Протокол могут быть легко изменены для изучения влияния других субстратов, или разных ингибиторов. Например интересный белок для изучения является носителем митохондриальной пирувата (ПДК). Роль этого белка — для перевозки пируват, сгенерированные в цитозоле митохондриальной матрицы. Недавно было предложено играть важную роль в модуляции метаболизма при патологических состояний, таких как во время тип 2 диабет38. Изучение влияния белка ПДК на митохондриальной метаболизма, полезно начать инъекции с пируваткиназой только вместо пируват и малат в то же время. Таким образом пируват изучено влияние независимо от влияния малата, как последний вводится только поддержать цикла трикарбоновых кислот и обеспечить что интермедиатов не истощены. Это также можно использовать ингибиторы MPC39 для оценки, если ограничение этого перевозчика, вместо окисление пирувата наблюдается. Затем можно было бы наблюдать потенциального сдвига в источнике предпочтительным топлива для дыхания40. Это также можно опустить некоторые субстратов для упрощения протокола, если это не актуально для исследования. Например изучение дисфункции комплекса я только, не стоит использовать все субстраты, представленные в настоящем Протоколе.

Этот протокол представляет некоторые ограничения, которые отвлекают от условий в естественных условиях . Измерение потребления кислорода митохондриальной записаны когда дыхание средний выше воздуха насыщенность, как чистый кислород вводится, чтобы не допустить ограничения диффузии кислорода внутри ткани30. Кроме того концентрации субстрата впрыснуты в избытке, которые не отражают условия в естественных условиях . Важно также отметить, что возраст, пол, деформации и диета дрозофилы может повлиять на результаты. Эти параметры являются таким образом приниматься во внимание при интерпретации результатов. Этот метод является однако ближе к физиологических условиях, чем методы с использованием митохондриальной изоляции для измерения потребления митохондриальной кислорода, как взаимодействие с других клеточных компонентов и структурной целостности митохондрий и Морфология являются сохранение31. Важно отметить, что митохондриальной изоляции более выгодным, когда дополнительные параметры, такие как производство ROS или митохондриальной эффективность (отношение P/O) должны быть измеренной27.

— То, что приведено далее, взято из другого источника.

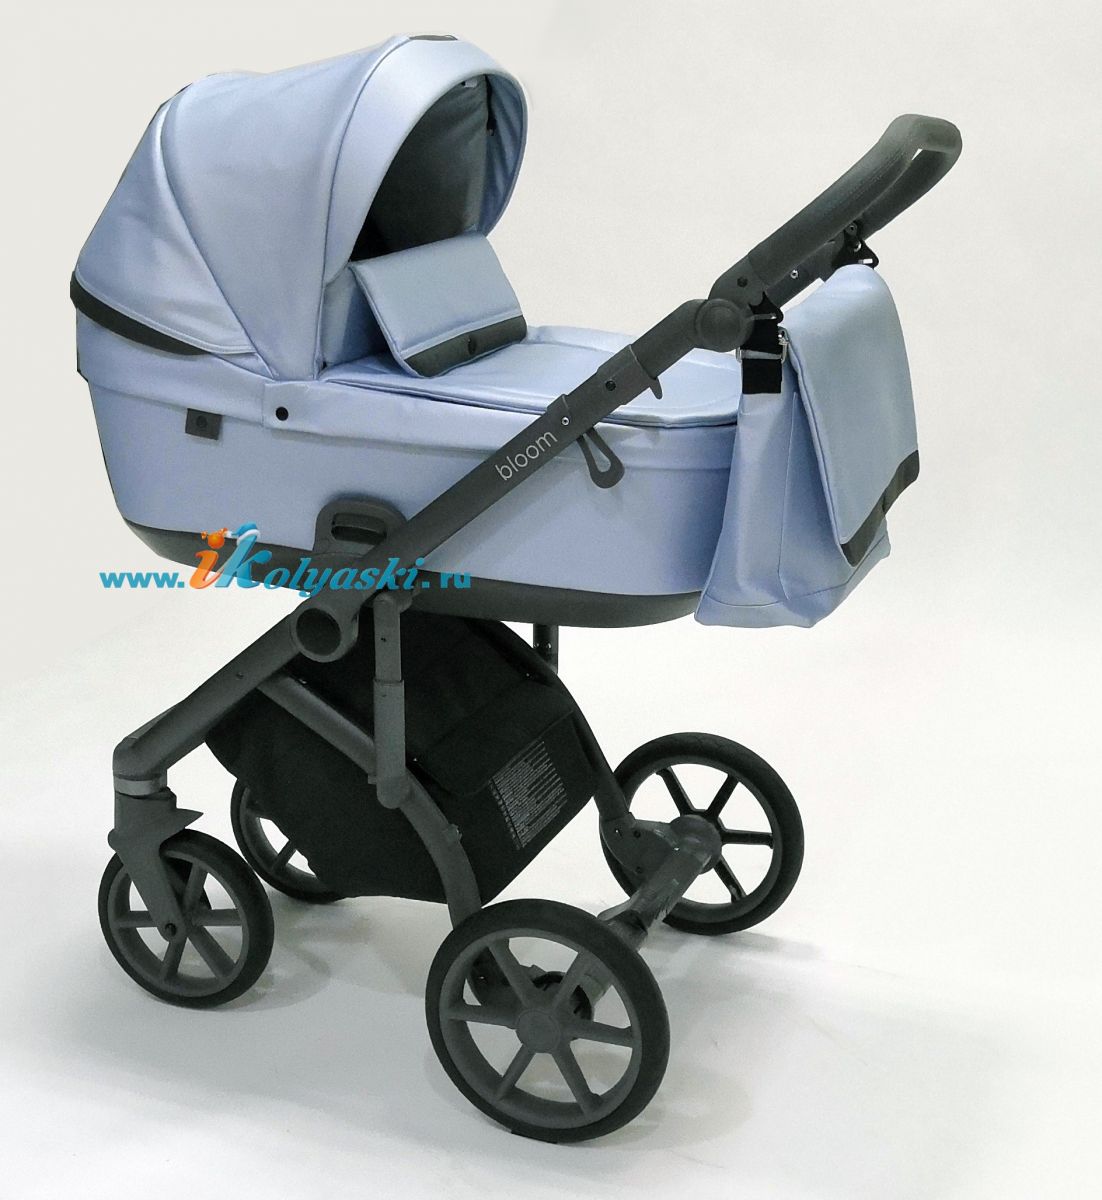 Roan Bloom 2 в 1 детская коляска для новорожденного Роан Блум на гелиевых поворотных колесах с прогулочным блоком - купить в Москве с доставкой по РФ- цвет Blue Perl перламутровый металлик экокожа
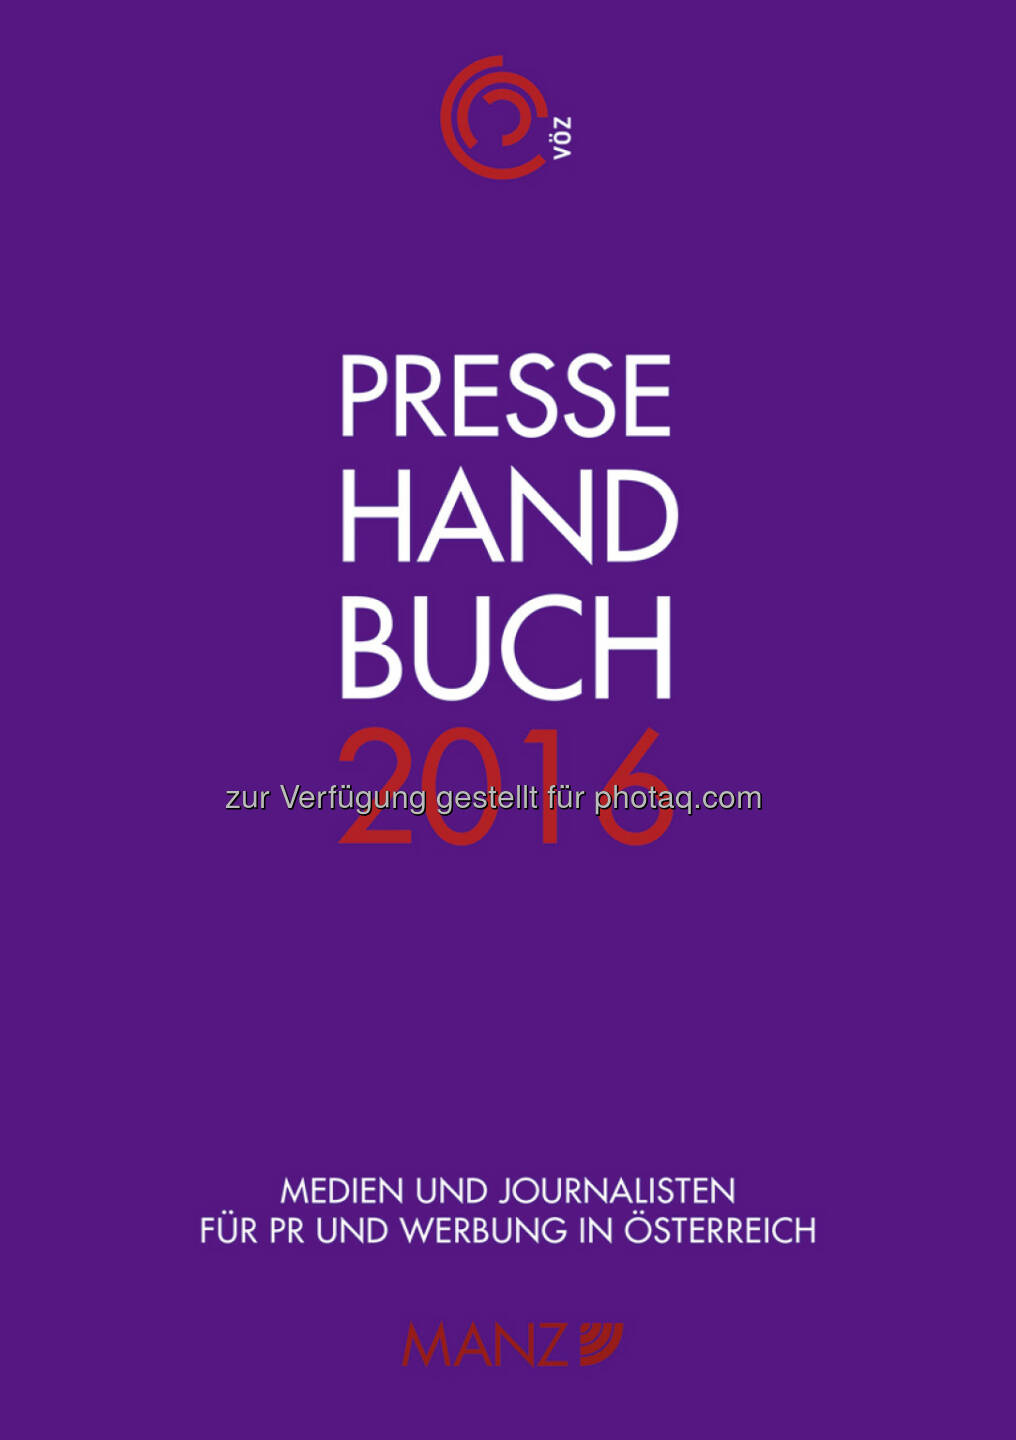 Pressehandbuch 2016 : Aktuelle Pressekontakte und Mediadaten für PR und Werbung in Österreich : Fotocredit: Manz

Этот метод может использоваться для достижения различных целей, начиная от понимания митохондриальной дисфункции и основные механизмы метаболических заболеваний, для тестирования воздействия различных соединений на митохондриальной функции при патологических условий. Кроме того она может использоваться для наблюдения за последствия нескольких экологических напряжений на митохондриальной метаболизм, например, изменения в диете или температуры. Например это возможно для изучения эффективности биологически синтетическим молекулам митохондриальной функции и в лечении митохондриальной дисфункции. Этот метод также является хорошим инструментом для изучения митохондриальной функции в разное время точек, что делает его весьма актуальной для изучения основных механизмов, связанных с процессом старения. Оценки митохондриальной метаболизма через потребление кислорода с помощью permeabilized thoraxes, безусловно, поможет улучшить наши знания о роли митохондриальной метаболизма когда клетка подвергается в сложных условиях.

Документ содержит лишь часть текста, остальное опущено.